A second end 154 of the follower shaft 110 may include a bore or aperture 156 to receive a spring seat assembly 158. An end cap 160 may retain the spring seat assembly 158 within the bore 156 of the follower shaft 110 and may be operatively coupled to the valve body 102 via fasteners 162. In other example embodiments, a packing may be disposed in the opening 120 and a packing flange may be coupled to the valve body 102 to retain the packing and the spring seat assembly 158 within the bore 156 of the follower shaft 110. The follower shaft 110 may be formed as a substantially unitary piece via machining and/or any other suitable processes. Additionally or alternatively, the follower shaft 110 may be retrofit to include an elongated bore (e.g., the bore 156) by, for example, machining, to receive the spring seat assembly.
In operation, the actuator drives the closure member 108 between an open position to allow the flow of fluid through the valve 100 and a closed position to restrict the flow of fluid through the valve 100. The closure member 108 engages the sealing surface 124 to effect a seal and provide a shutoff (i.e., prevent the flow of fluid through the valve 100). The spring seat assembly 158 provides a force (e.g., an axial force along the longitudinal axis 151) to oppose the weight of the drivetrain 104 and biases the control member 108 against or toward the bearing 150 and axially along the longitudinal axis 151 when the valve 100 is mounted in a vertical or substantially vertical orientation. The spring seat assembly 158 provides an axial force along the longitudinal axis 151 to bias and/or maintain the alignment or position of the closure member 108 relative to the sealing surface 124 so that the closure member 108 is substantially centered and/or correctly positioned within the valve body 102. As a result, the peripheral edge 122 of the disk 108 can sealingly mate or engage the sealing surface 124 to prevent undesired leakage through the valve 100. Thus, the spring seat assembly 158 prevents the closure member 108 from shifting axially along the longitudinal axis 151 and becoming misaligned relative to the sealing surface 124.

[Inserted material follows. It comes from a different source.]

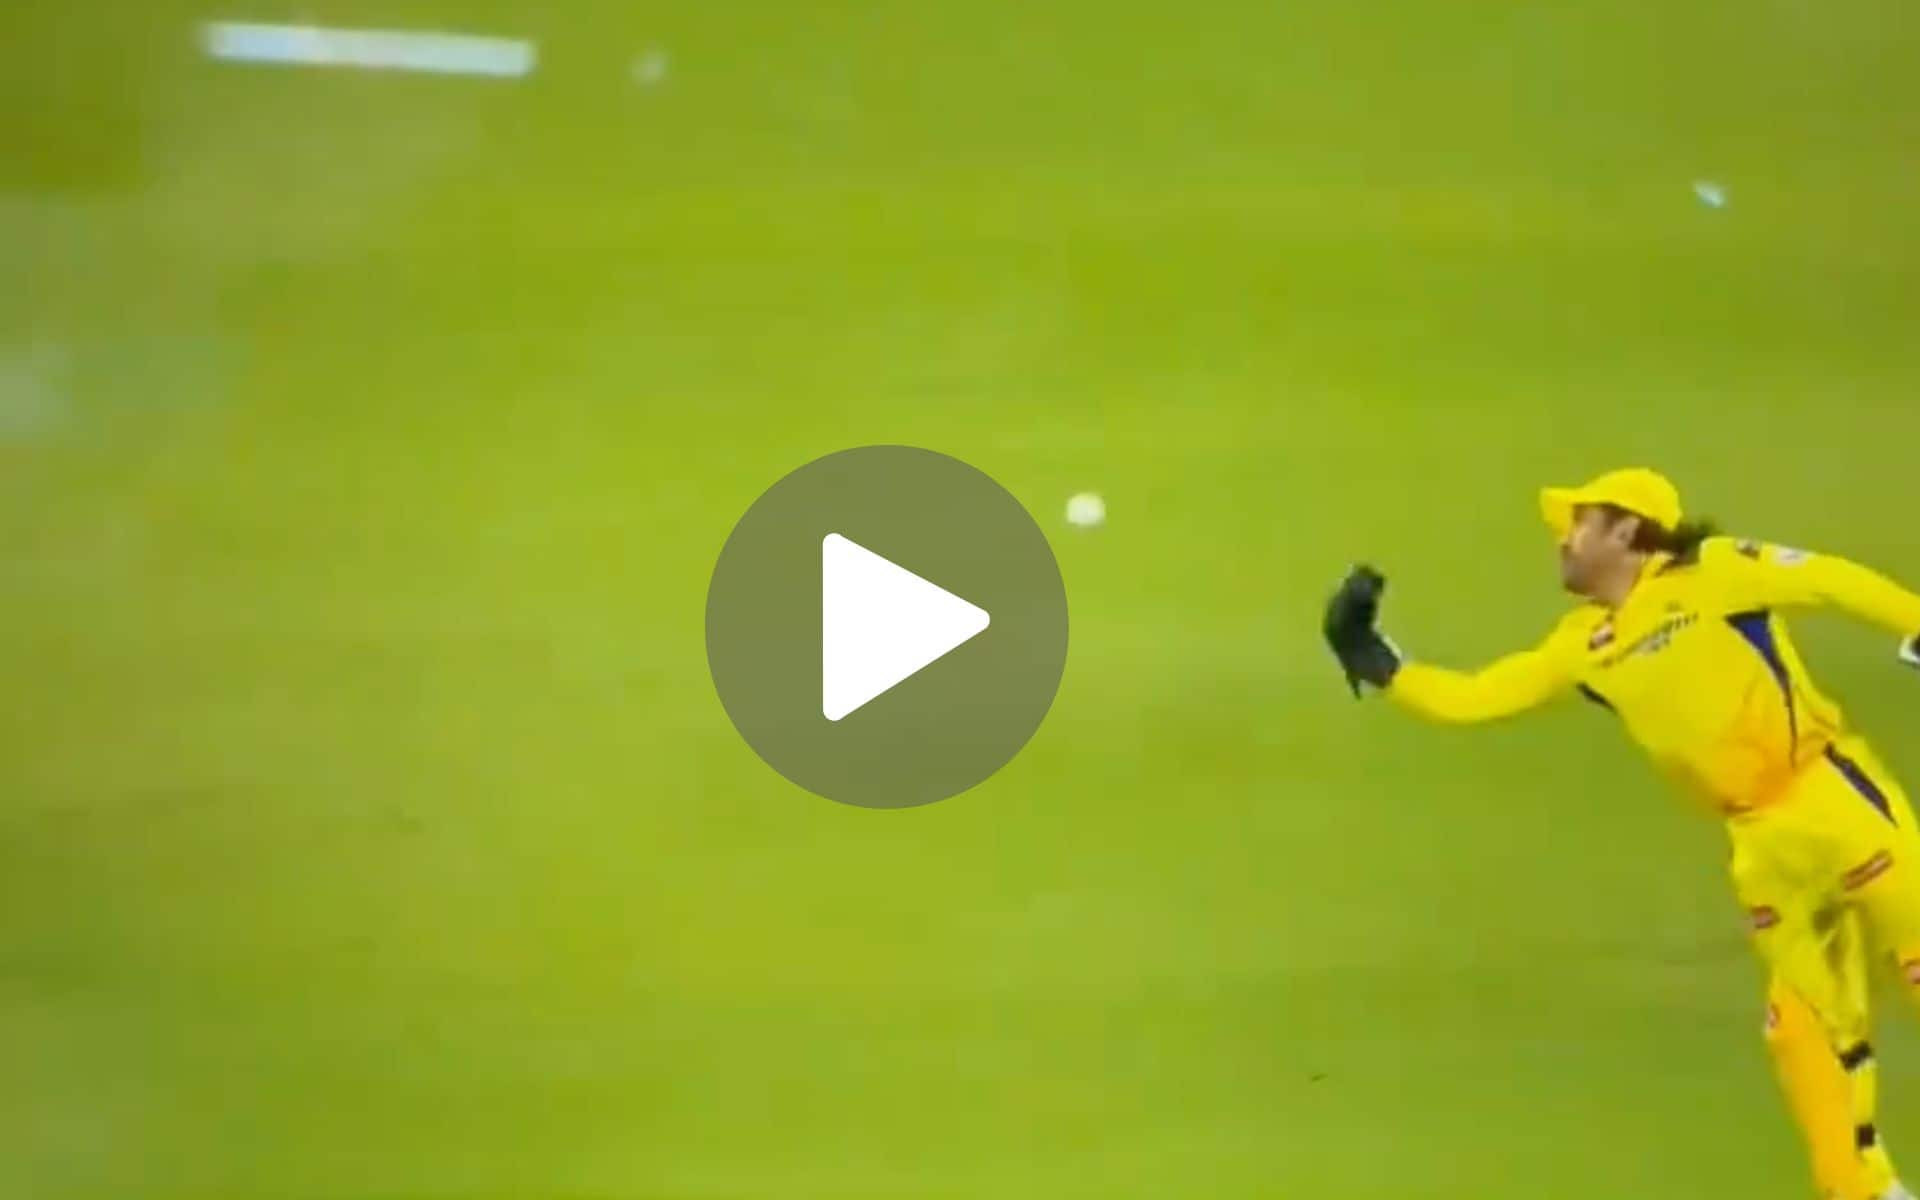 [Watch] MS Dhoni Disappoints Fans With An Easy Peasy Catch Drop In Farewell IPL Season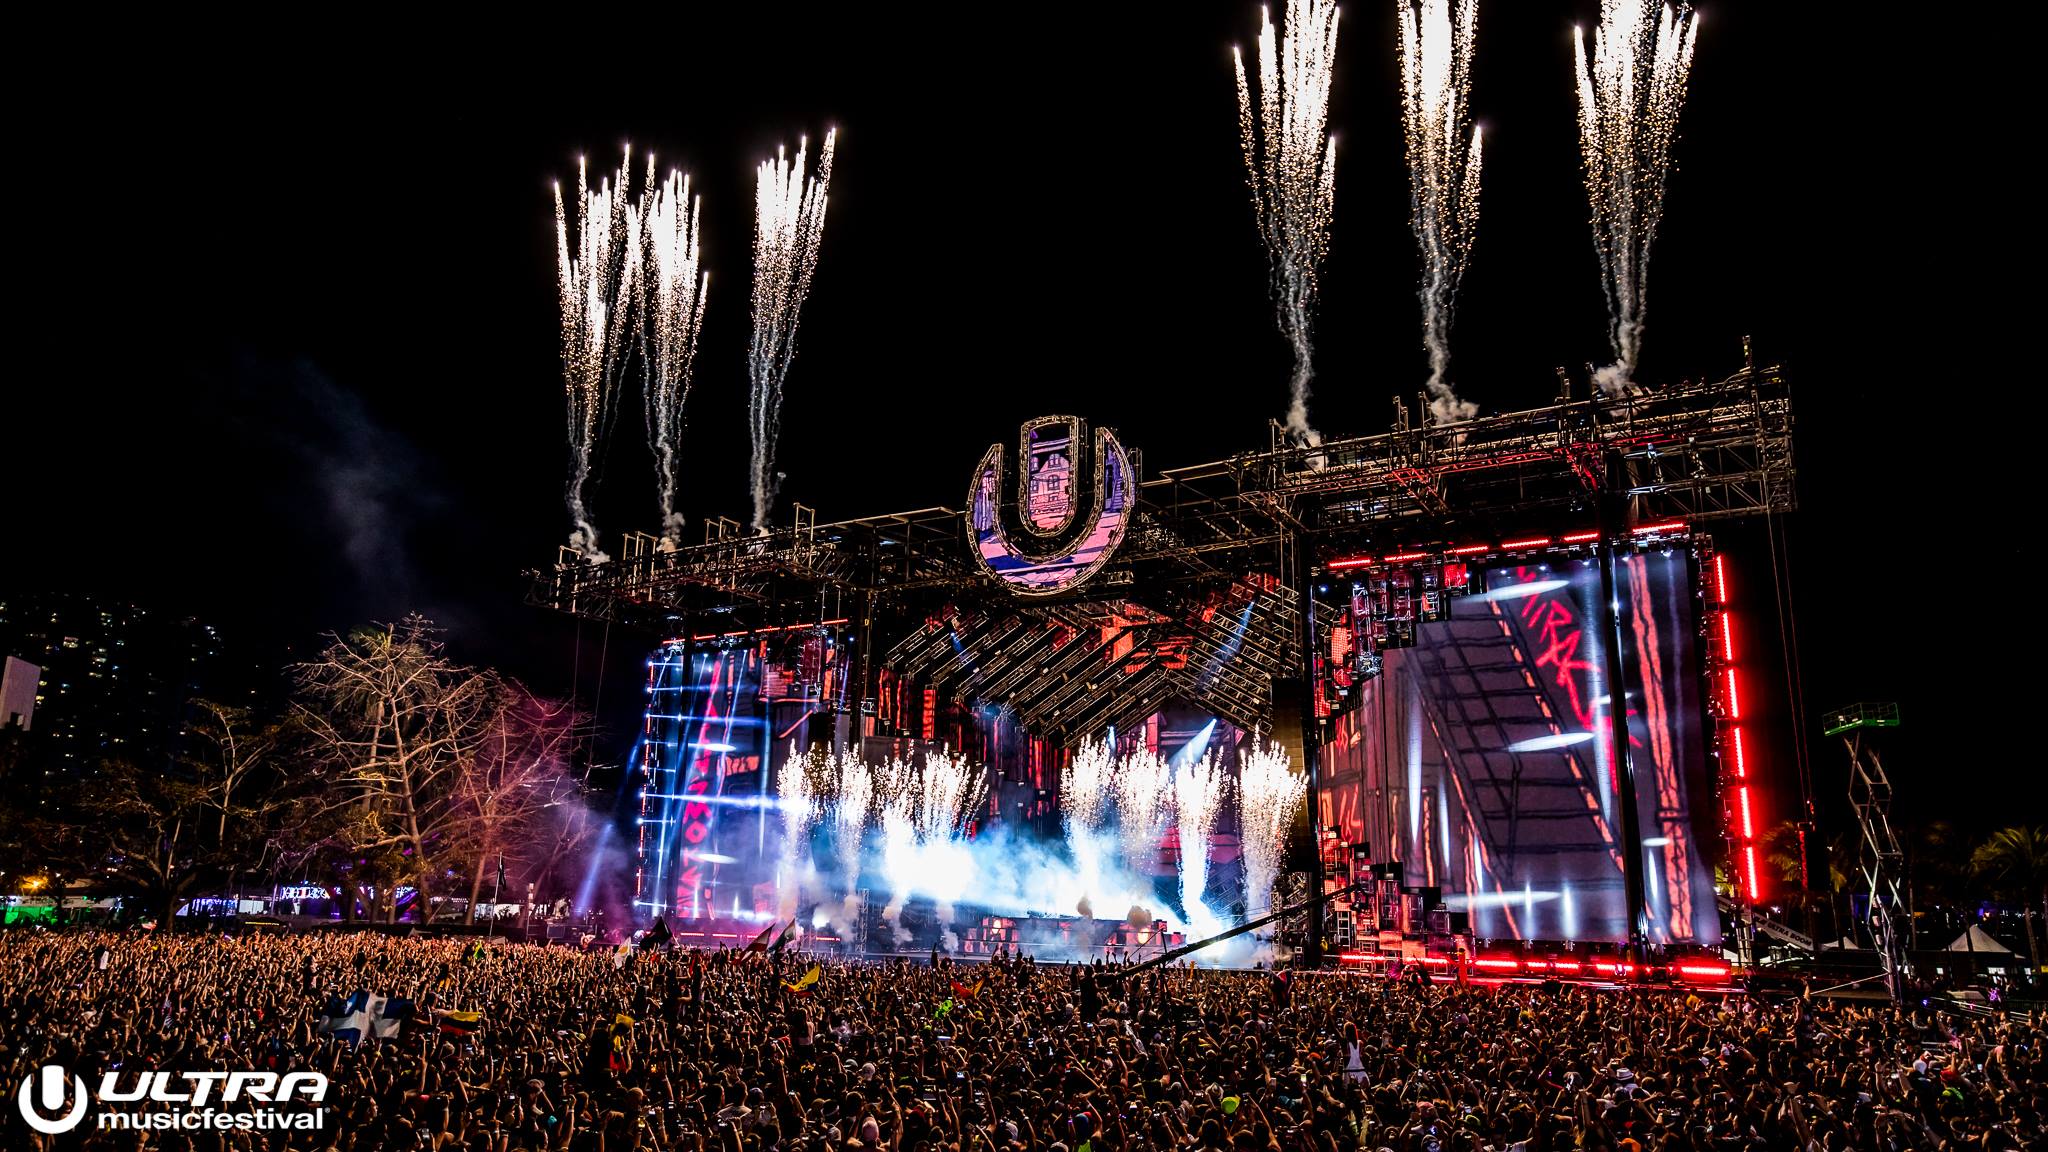 2018 Ultra Music Festival Brings Edm Heavyweights To A Jaw Dropping

In the illustrated example, the closure member 108 is depicted as a disk. However, in other example implementations, the closure member 108 may be any suitable closure member 108 such as, for example, a segmented ball, etc. Additionally or alternatively, the example described in connection with the spring seat assembly 158 is not limited to the example valve 100 illustrated in FIG. 1 and may be used with other types of rotary valves such as, for example, a ball valve, a segmented ball valve, etc.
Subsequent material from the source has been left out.